Multidrug resistance has become a public health issue with national and global dimensions. There are many factors that contribute to the development of antibiotic resistance including the absence of quality assurance and antibiotic surveillance in most parts of SSA. Treatment with sensitive antibiotics is not always evident in resource-limited settings due to cost and unavailability of most antibiotics. The existence of very few centres that can conduct cultures and sensitivity in most countries in SSA have prompted the inevitable use of empiric or combined antibiotics. Due to the poor socioeconomic status of patients, expensive antibiotics are avoided for empiric treatment and can only be prescribed only following antimicrobial culture and sensitivity, however very few patients also afford for culture and sensitivity. Due to lack of government policies restricting over-the-counter sales of drugs especially antibiotics, many patients have resorted to the use of self-prescribed antibiotics prior to consultation which lead to usage of poor quality of drugs, sub-therapeutic doses and non-respect of therapeutic durations.

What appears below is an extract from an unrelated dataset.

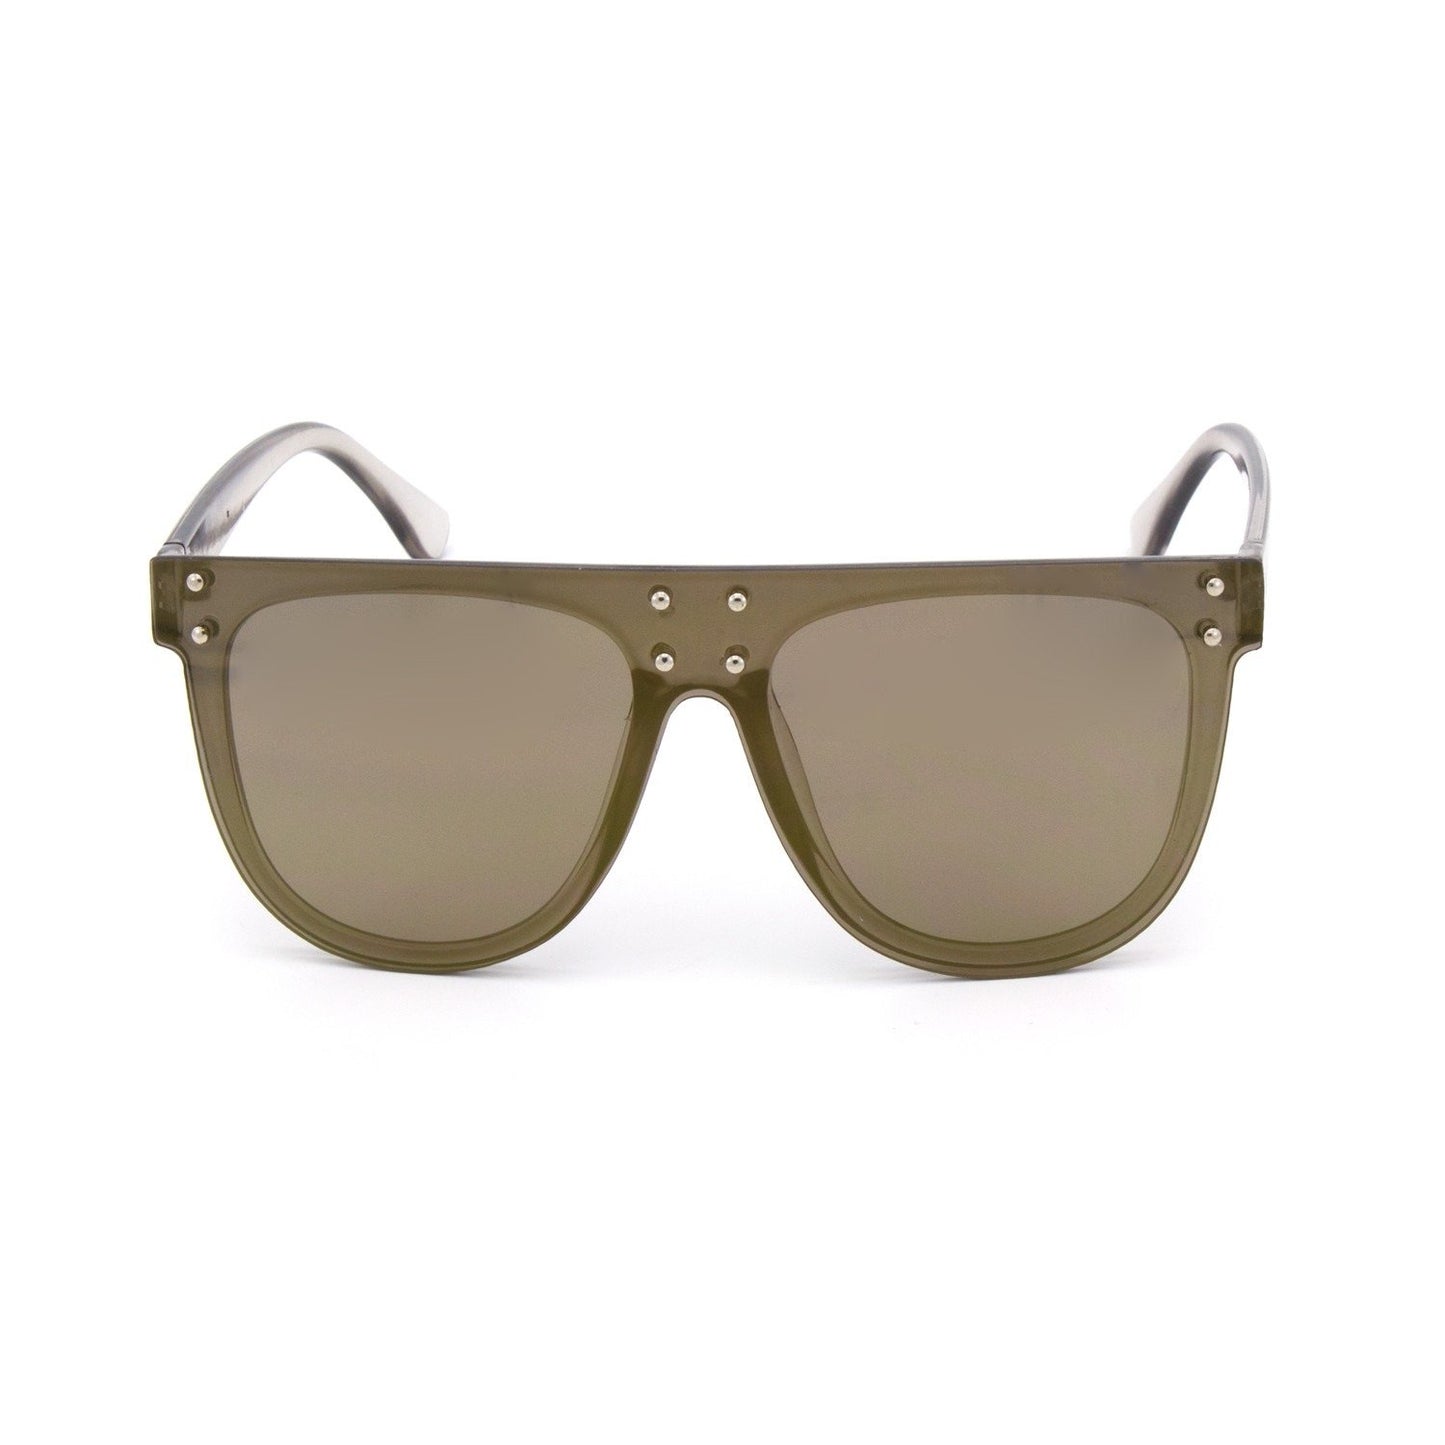 “NEW ME” Reflective Sunglasses - Weekend Shade Sunglasses

In recent years where MDR is frequently reported in many parts of the world, we recommend the adoption and use of Center for Infectious Disease Control guidelines for management of MDRO. According to these guidelines, the following strategies are inevitable means to prevent, curb or reduce MDR: administrative support in terms of government policies limiting the sales of over-the-counter antibiotics, creation of antibiotics surveillance departments in the public health ministries and education of the masses on the judicious use of antimicrobial agents. The diversity of potential pathogens resistant to commonly prescribed antibiotics underscores the importance of sustained and standardized antimicrobial resistance surveillance and antibiotic stewardship programmes in developing countries [20], yet these programs are grossly absent in SSA.